There are increasingly high barriers for OD designation in respect of proving medical plausibility, prevalence of the disease, and the significant benefit (the latter applicable for EU only) over existing therapies. Getting strong independent scientific advice and operational support can significantly improve the chances of success of an OD designation and save valuable time and money.
NDA experts have built significant experience in Orphan Drugs and we offer our global services to help clients to successfully overcome many of the common obstacles in this field. Our dedicated team comprise regulatory, clinical as well as statistical experts with practical experience and deep knowledge in this challenging area. The NDA team has extensive experience with EMA, FDA and National EU Health authorities and in depth knowledge on how to develop successful proposals and applications to regulators. Many of NDA’s experts are former regulators themselves.
NDA support includes setting a robust orphan drug development strategy. The NDA Advisory Board and experienced regulatory consultants work together to provide strategic regulatory and scientific insights to help define the best development path for your product.

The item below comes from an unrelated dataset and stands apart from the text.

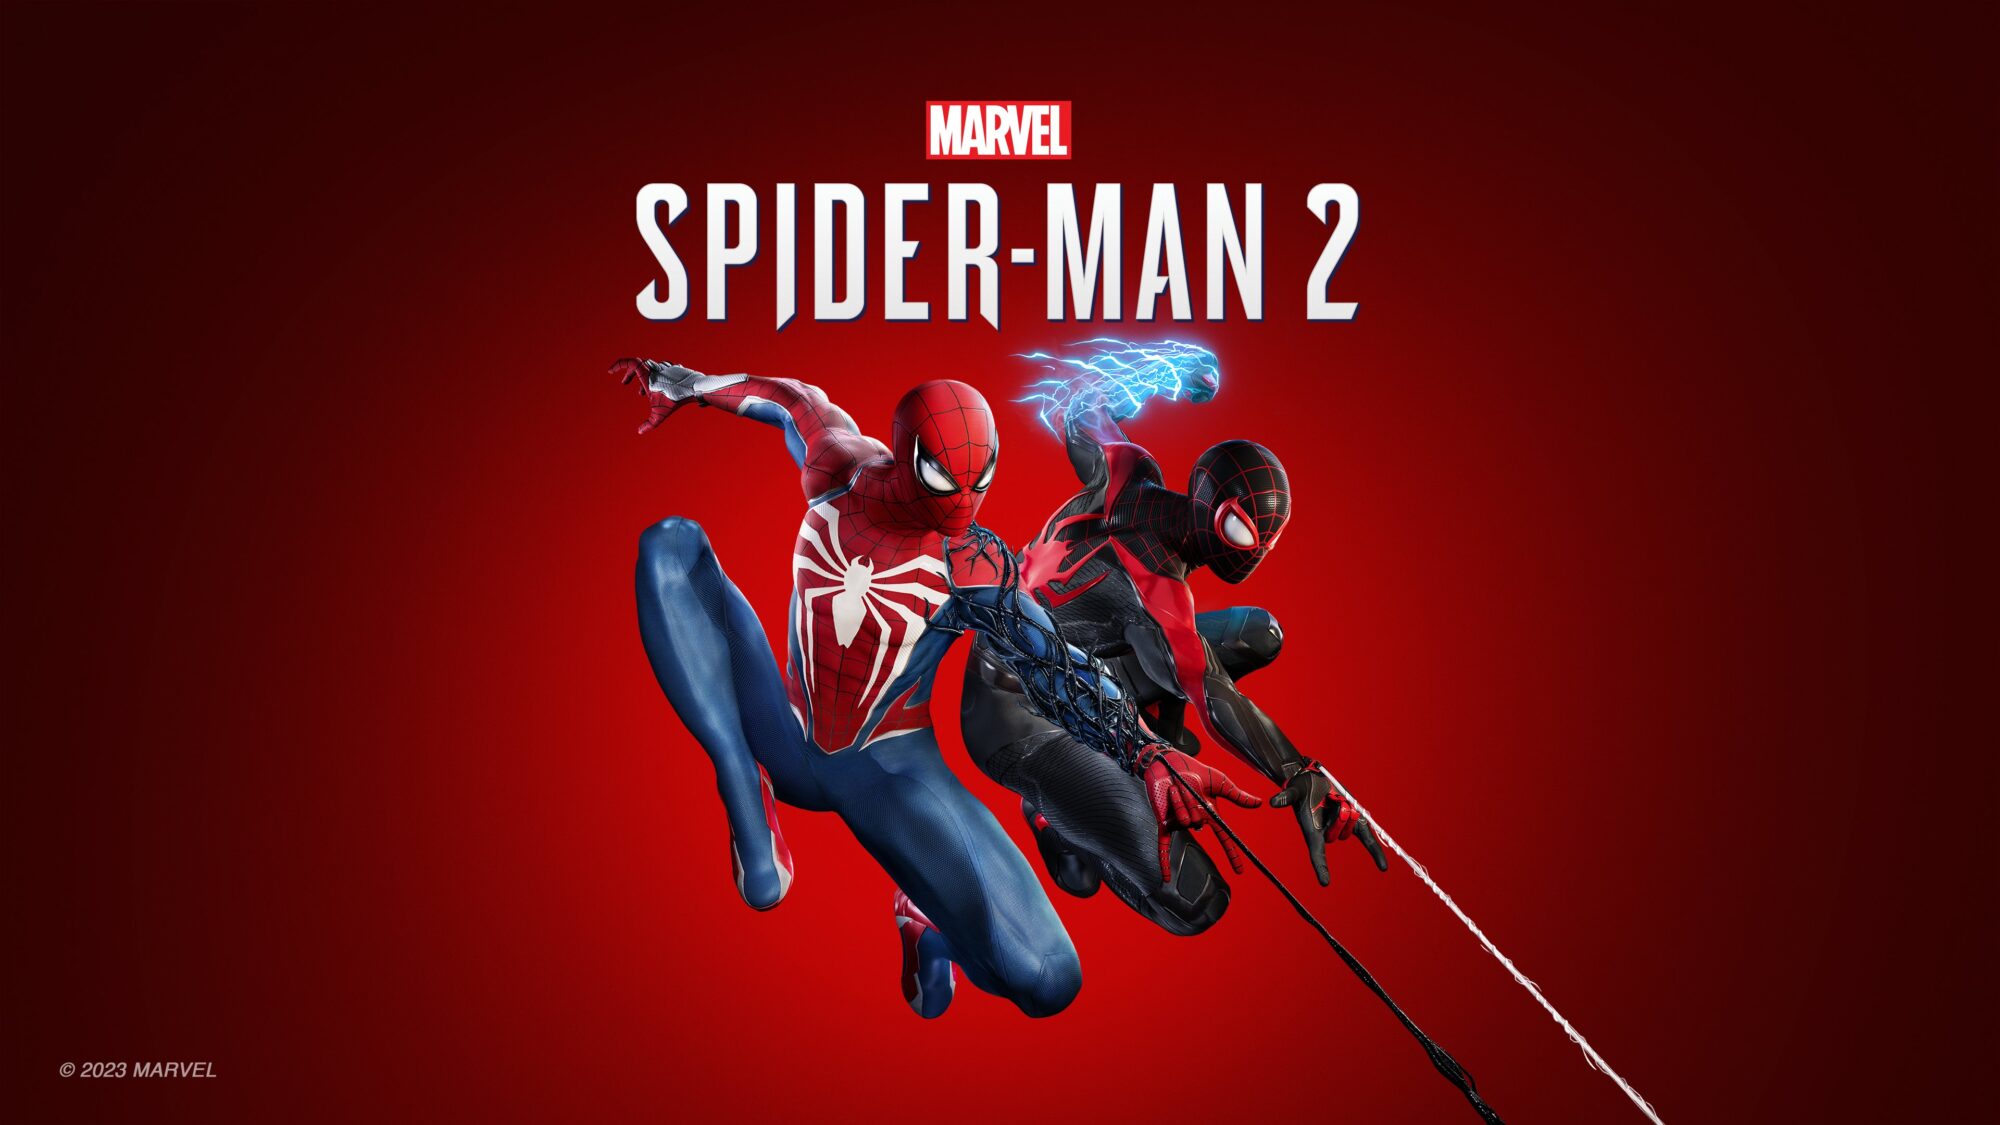 Spider-man 2 Insomniac Games MIles Morales Peter Parker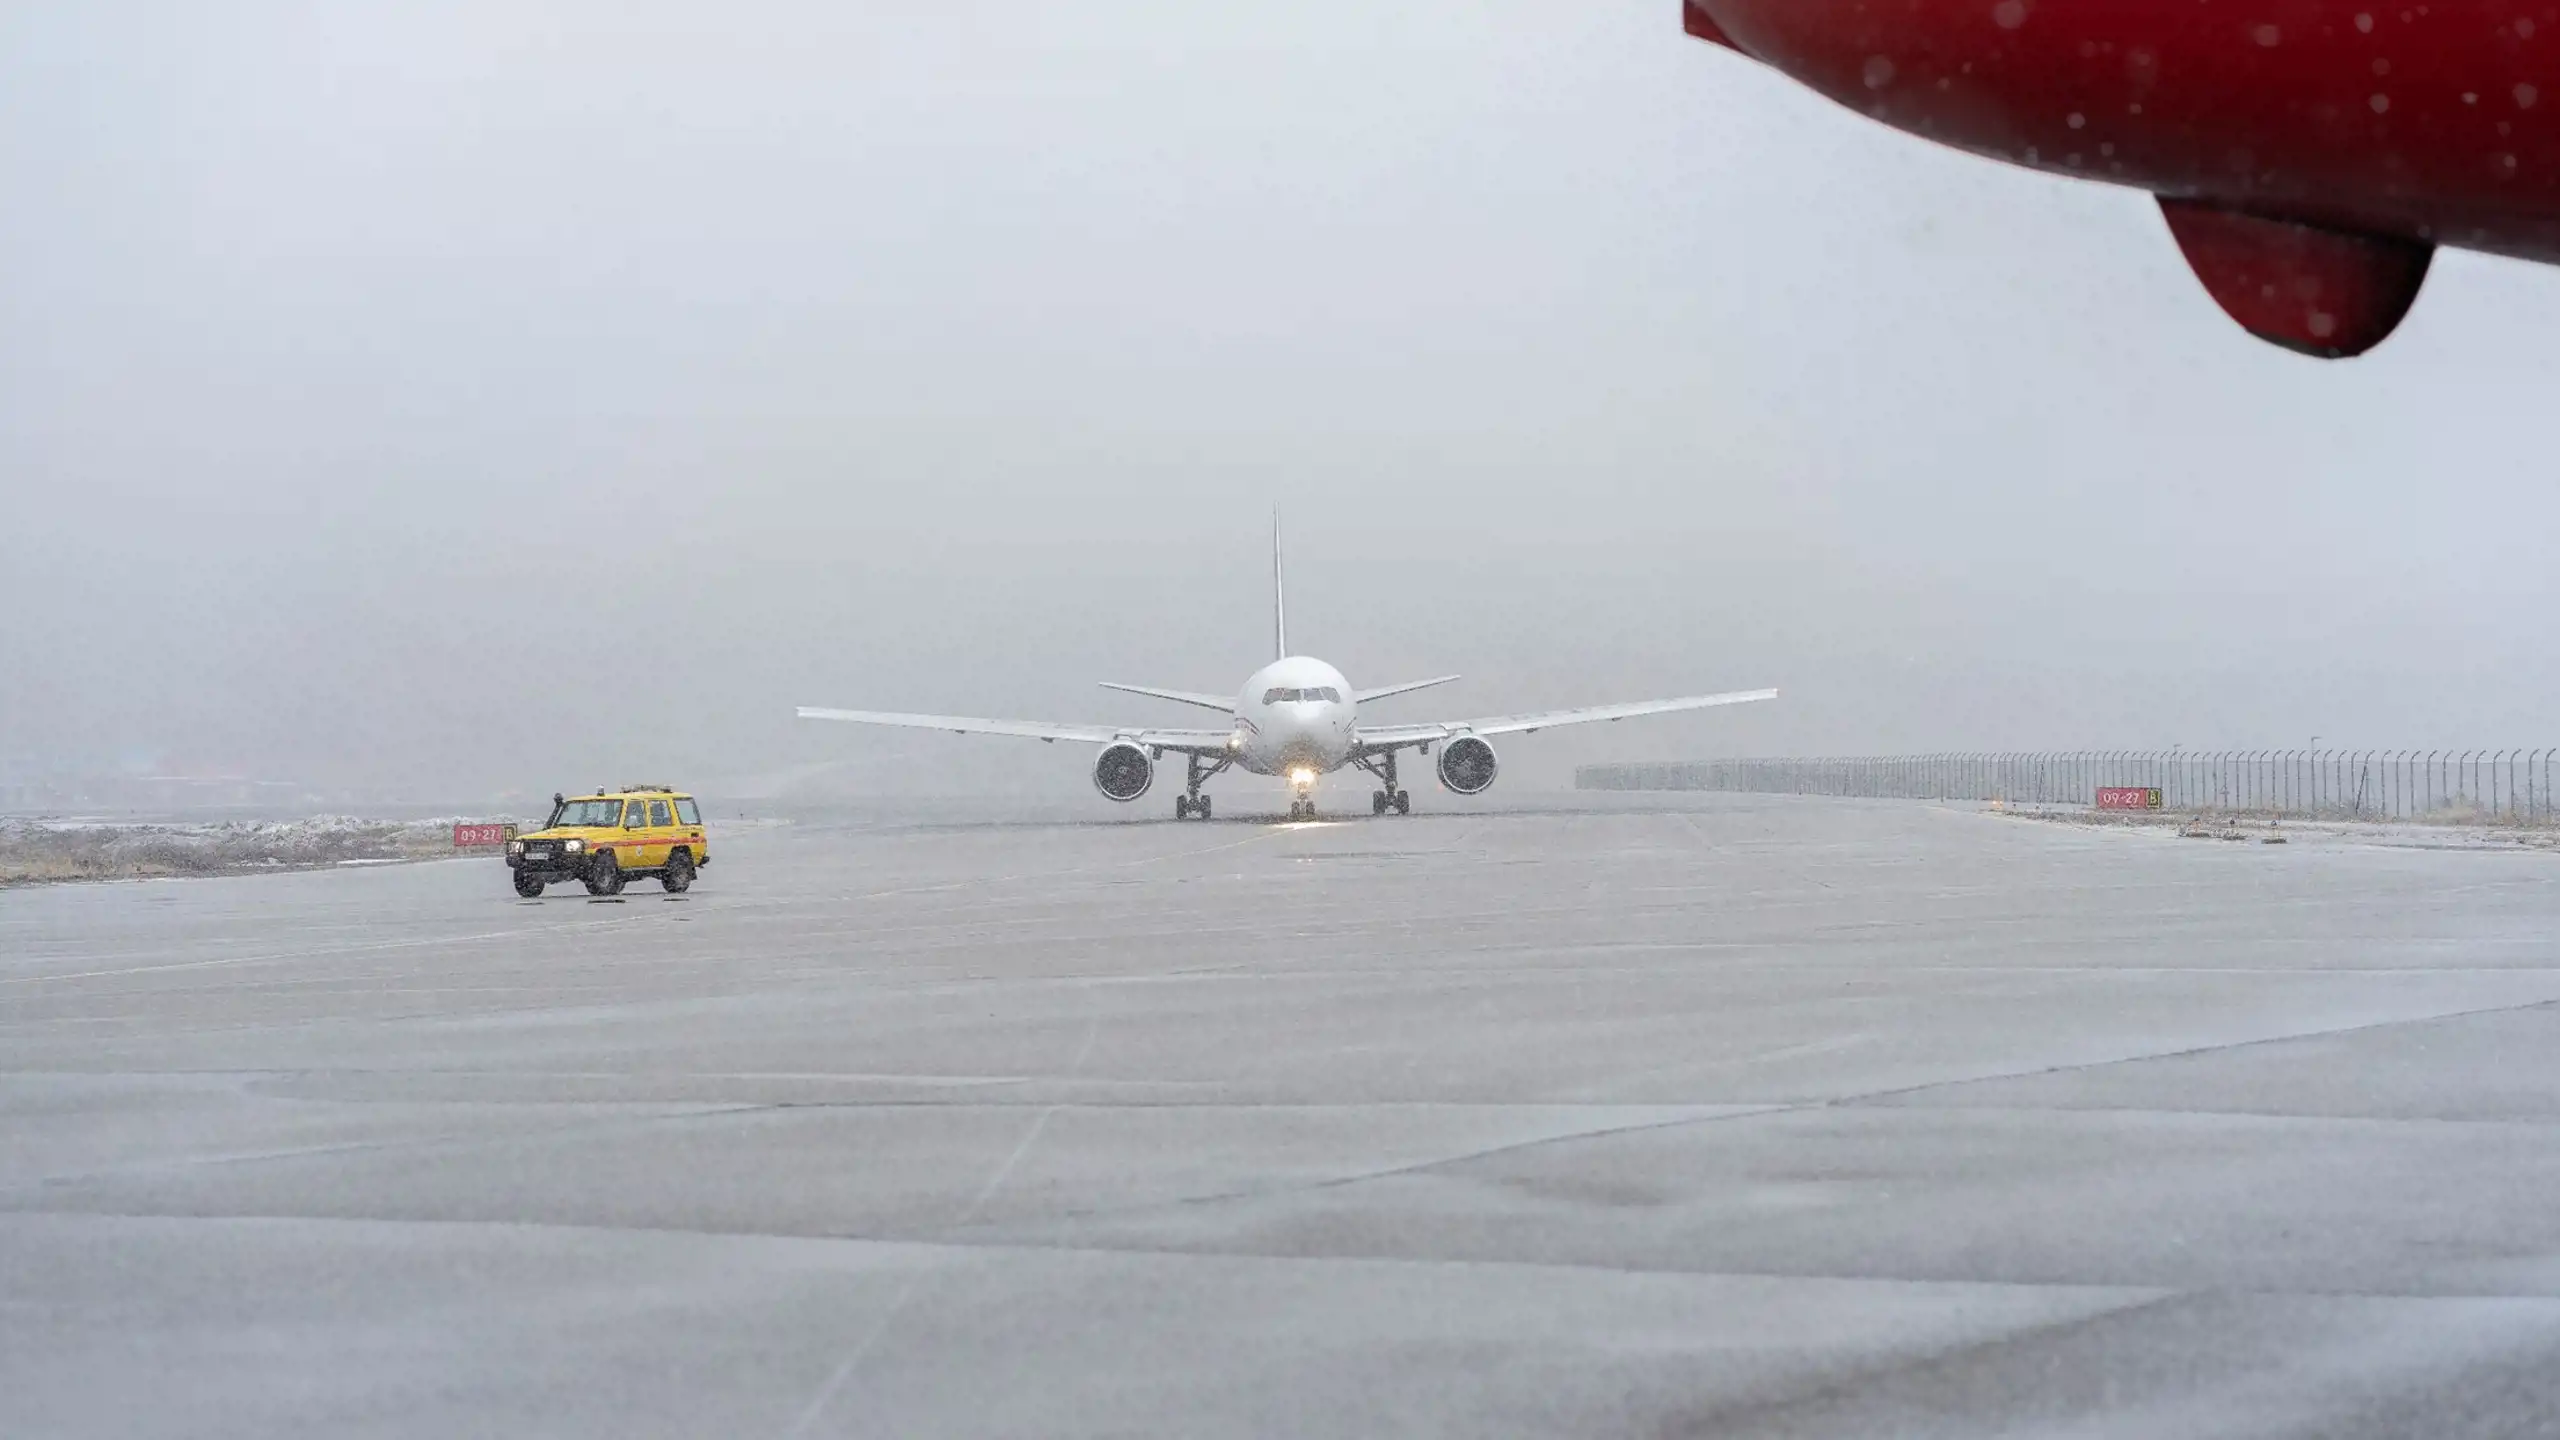 CargoJet lands in Kangerlussuaq

On an operational level, NDA can manages the OD designation application process and write the application. In addition, NDA has considerable experience in preparing and conducting Health Authority meetings and oral explanations.
How we help
NDA can support you in all aspects of applying for and maintaining OD designation in Europe and the US from early development to marketing approval. These include:
- Regulatory advice on orphan drug requirements, incentives and benefits
- Scientific advice on data requirements
- Search, analysis and presentation of prevalence data
- Authoring of combined or region-specific OD designation applications
- Procedural advice and full support (e.g. preparation of submission package, translations, health authority liaison)
- Preparation of response documents
- Preparation of and participation in the dialogue and meetings with authorities
- Authoring of annual reports and maintenance reports
- Provision of an EU-based Orphan Drug sponsor service enabling non-European companies to benefit from European OD incentives.
- Provision of a US-based entity facilitating OD designations for companies outside US.
We offer the full support package, and are very open to define a custom package that fits the needs of the individual client.